Friday, July 26, 2013

Grief: I've been so yours, here


Grief has its own rhythm, its own alchemy (defined as a process by which paradoxical results are achieved or incompatible elements combined with no obvious rational explanation).

At one day after the death of my Beloved, grief was numbing, depersonalized, ethereal, raw, formless.

At six months after the death of my Beloved, grief was searing, excruciating, bottomless, hollow, breathless.

At one year after the death of my Beloved, grief was concrete, raging, mad, confused, disorienting, sallow, paralyzing. Grief was my enemy.

At five years after the death of my Beloved, grief was the paradox: painful but grounded, breathtaking but life-giving, gentler and kinder, warmer and more inviting, less frightening and more familiar. I stopped fighting grief and realized he would not, despite how it felt, kill me. Grief was the fragile cord connecting me to my dark night of the soul, to her love, and grief became my friend, something I would n'er surrender.

At ten years after the death of my Beloved, grief raged again, debilitating grief, demanding my full attention, screaming in my face, "I'm still here, look at me!" And I looked, I gazed straight into grief's illimitable eyes, and I saw deeply into the well of grief. It held me tightly and then let me go...

At fifteen years after the death of my Beloved, grief took me into its arms and rocked me gently, as I did for her. We told each other of our love, as I did to her. Grief, my beloved grief.

I do not know what grief will bring tomorrow. But I do know this...

Grief is reborn daily. It will not be repeated, it's molecules are in constant flux.

Today, grief is reborn into the sadness of nearly two decades without my girl. Yesterday it was reborn into wishes that she could've sat at the kitchen counter with my other children eating wasabi seaweed and telling stories about silly games we played when they were little.

Tomorrow, grief will tunnel again through the darkness and into the light, like she did during her birth, and will emerge a different being, slightly changed some days, unnoticeably changed others.

Yes, grief is reborn daily, and so is my now abiding love and gratitude for it.

I've learned to hold and trust that grief knows well its own dutiful course in my life. So, I relinquish (the illusion of) control and trust that grief will, as it once promised, not kill me into non-existence. I didn't believe that at one time. But now, nearly two decades later, I know this as truth.

Grief will not kill me but it will transform me, willingly or not. My grief belongs to me, it has been mine all these years.
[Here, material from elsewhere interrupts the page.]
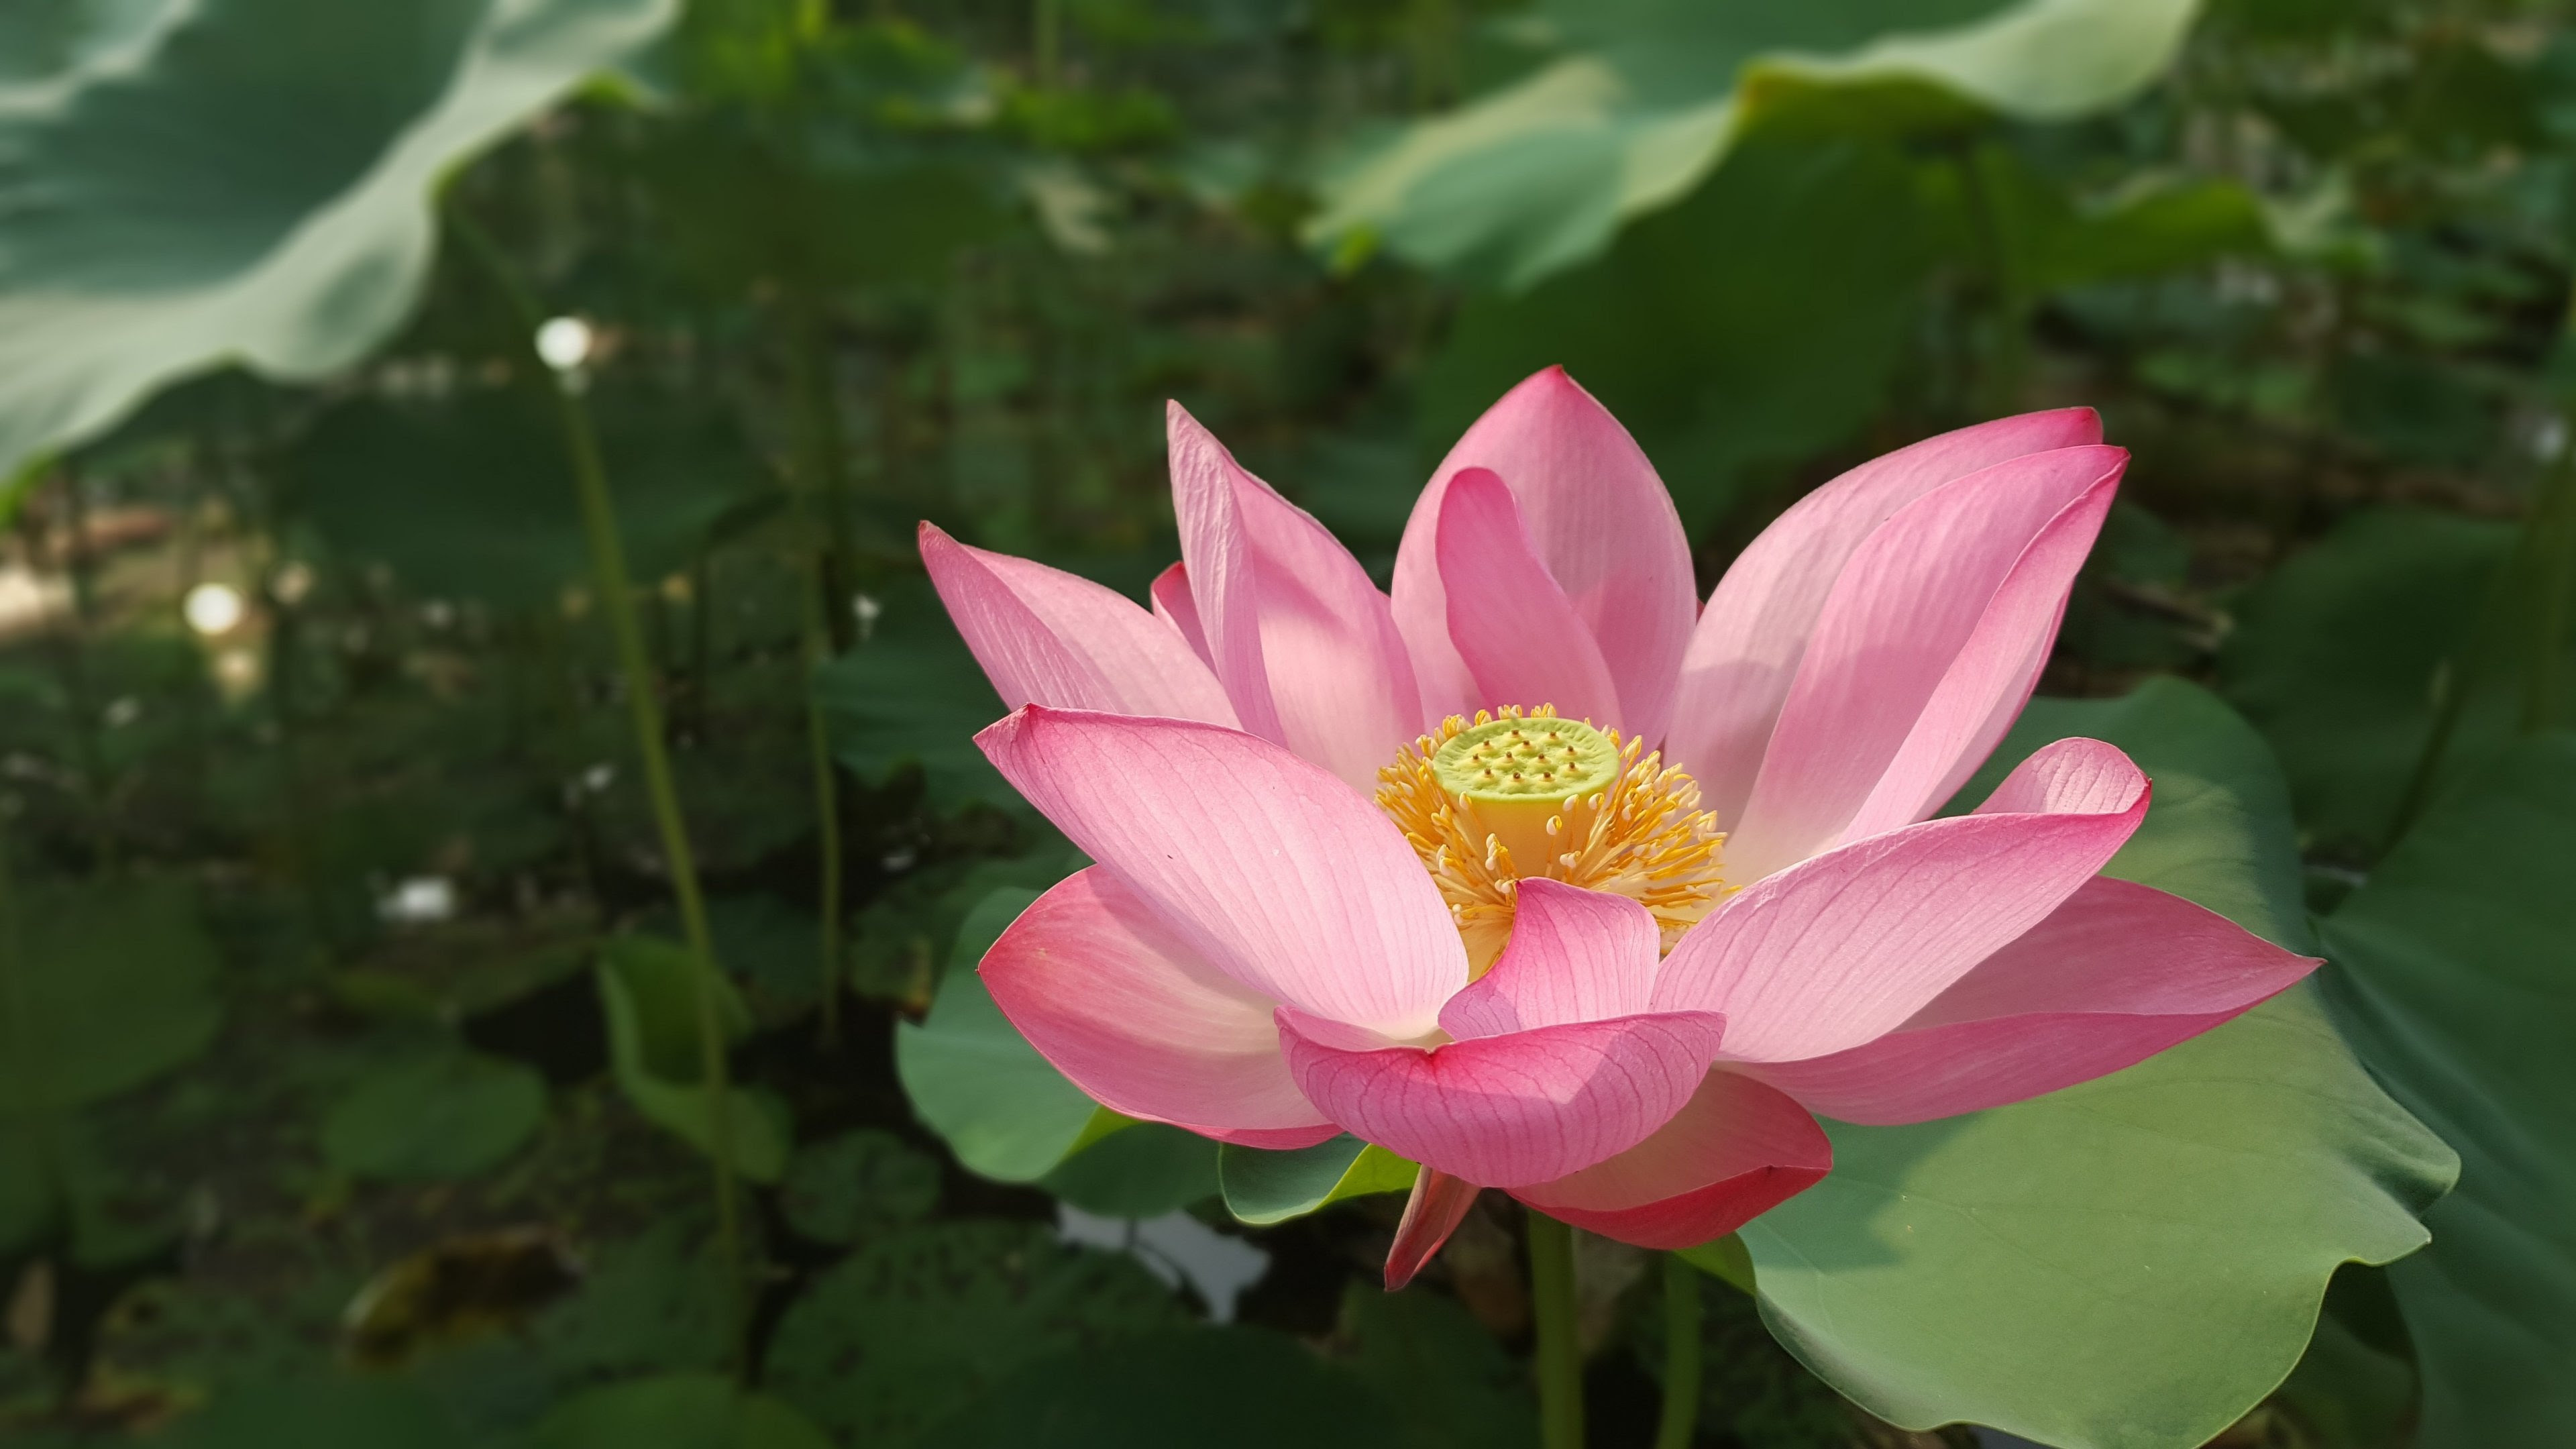 Lotus Flower Phone Wallpaper : lotus flower - Download iPhone,iPod

It says to me, "I've been so yours, here."

So I walk hand in hand with grief, willingly, just as I would walk with her, hand in hand, today-

If only I could.







11 comments:

megan said...

thank you.

Thank you.

Carla Hoffmann said...

Always remembering, always honoring and always MISSing precious Chey with you...

You know I hold you close to my heart in prayers and love for gentle days.

Don Follis said...

Beautifully said... especially how any of us who has lost a would walk hand in hand with him (I lost a son at age 21) ... in the way we now walk hand in hand with grief, if only we could.

DWright said...

*tears*
"Grief will not kill me but it will transform me, willingly or not."
Yes, yes it has, does, and will continue to do. After almost 9 years, that is okay.

penelope joy said...

Your writing is always beautiful. Thank you for these words.

luminousblue5.com said...

This piece is so gorgeous - what amazing writing! I was moved and my heart opened, as always by your offerings. Thank you! blessings, Lucia

Dr. Joanne Cacciatore said...

Much love and gratitude for sharing with me. Thank you all. Wish you never knew this...

Anonymous said...

Thank you your message means a lot I lost my 18 year old son and 2 of his friends in a car accident last year we are about to put his headstone on his grave in 2 weeks still grieving trying to be strong for our other children very hard

Susan HeadInMyHands said...

My grief. People say "My cancer" when they talk about the mutant cells that are overtaking the healthy cells. My grief is evil and robs me of my life. I saw "your grief." Well done.

BeehiveInMyHeart said...

This is so beautiful. Thank you for sharing this glimpse inside your heart.

BeehiveInMyHeart said...

This is so beautiful. Thank you for sharing this glimpse inside your heart.

Becoming...

""""""""""""""""""""""""""""""""""""""""""""""""""""""""""""""""
The soul still sings in the darkness telling of the beauty she found there; and daring us not to think that because she passed through such tortures of anguish, doubt, dread, and horror, as has been said, she ran any the more danger of being lost in the night. Nay, in the darkness did she, rather, find herself.